Among those aboard the Eastland were George Sindelar, a Western Electric foreman, with his wife and five children. James Novotny, a company cabinetmaker, accompanied his wife and their two children. Anna Quinn, 22, and her neighbor and fellow Western Electric clerk Caroline Homolka, 16, had chosen their outfits carefully, for this was the social event of the year for many of the young workers—not only a rare Saturday break in the manufacturing and assembling telephone equipment, but also an opportunity to meet other eligible singles.

The Eastland was the first boat scheduled to leave, and employees had been encouraged to get there early. By a few minutes after 7 a.m., men, women and children were boarding at the rate of 50 per minute, with two federal inspectors keeping careful count, per normal practice. The Eastland was licensed to carry 2,500 passengers plus crew. As a steady drizzle began to fall, many of the women, especially those with young children, took refuge below decks. In the main cabin, a band played for dancing; on the upper deck, passengers jostled to find seats or leaned against the railing, calling out to arriving friends.

As the Eastland filled with passengers between 7:10 and 7:15 a.m., it began to list to port, away from the wharf. The movement didn't seem to alarm the partygoers, but it caught the attention of the harbormaster and some other observers on land. By the time Sladkey made his last-minute leap, however, the 275-foot-long boat had righted itself, if only briefly.

At 7:23, it listed even further to port. Water poured through the open gangways into the engine room. The crew there, realizing what was about to happen, scrambled up a ladder to the main deck.

At 7:28 a.m., the Eastland listed to a 45-degree angle. The piano on the promenade deck rolled to the port wall, almost crushing two women; a refrigerator slid to port, pinning a woman or two beneath it. Water poured into open portholes in the cabins below deck. The most deadly shipwreck in Great Lakes history—a calamity that would take more passenger lives than the sinking of the Titanic or the Lusitania—was under way.

Few, if any, of the passengers boarding that day noticed that the Eastland carried a full complement of lifeboats, life rafts and life preservers. It was in compliance with the law. And that created a serious hazard.

The 1912 sinking of the Titanic gave rise to a "lifeboats-for-all" movement among international marine safety officials. In the United States, Congress passed a bill requiring lifeboats to accommodate 75 percent of a vessel's passengers, and in March, 1915, President Woodrow Wilson signed what became known as the LaFollette Seaman's Act.

During the debate over the bill, the general manager of the Detroit & Cleveland Navigation Company had warned that some Great Lakes vessels, with their shallow drafts, "would turn 'turtle' if you attempted to navigate them with this additional weight on the upper decks." Too few legislators listened.

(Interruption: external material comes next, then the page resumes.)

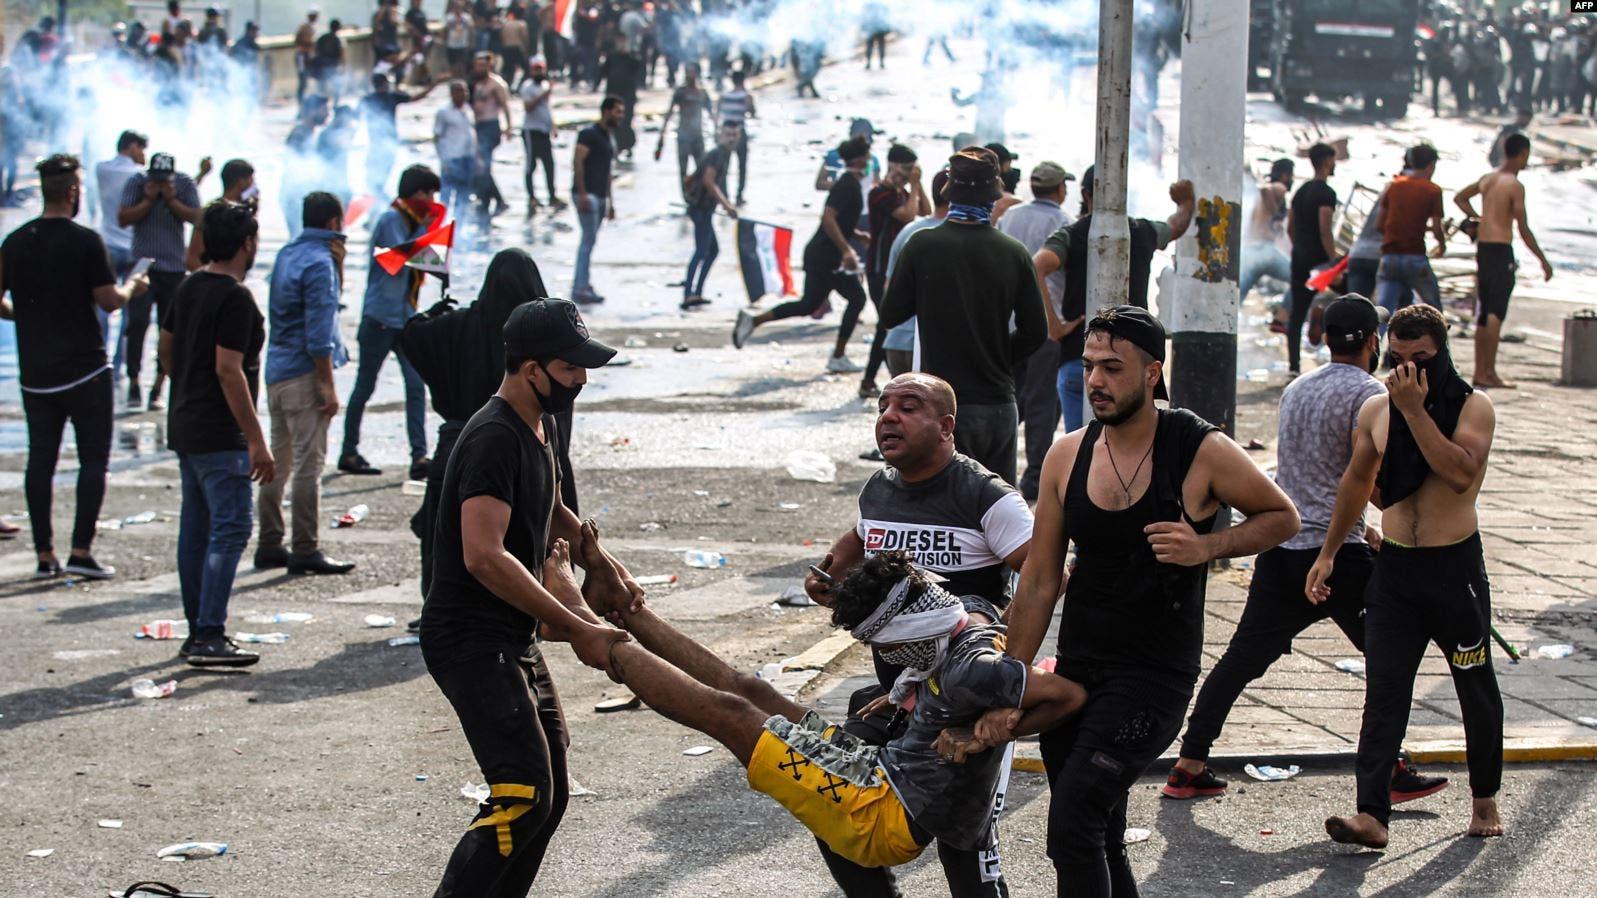 مقتل 9 متظاهرين وإصابة 135في بغداد ومحافظات خلال 5 أيام

By July, 1915, the Eastland, which had been designed to carry six lifeboats, was carrying 11 lifeboats, 37 life rafts (about 1,100 pounds each) and enough life jackets (about six pounds apiece) for all 2,570 passengers and crew. Most were stowed on the upper decks. No tests were conducted to determine how the additional weight affected the boat's stability—even though it already had a troubled history.

The Eastland was built in 1902 to carry 500 people for lake excursions and to haul produce on the return trips to Chicago. The boat had no keel, was top-heavy and relied on poorly designed ballast tanks in the hold to keep it upright. Repeated modifications increased the vessel's speed and passenger capacity—and made it less stable.

"It was said of her that she behaved like a bicycle, being unstable when loading or unloading but stable when under way," wrote transportation historian and economist George W. Hilton, whose 1995 book, Eastland: Legacy of the Titanic, provides a meticulous investigation. Safety inspectors focused only on the Eastland's performance while underway, and the boat routinely was certified as safe.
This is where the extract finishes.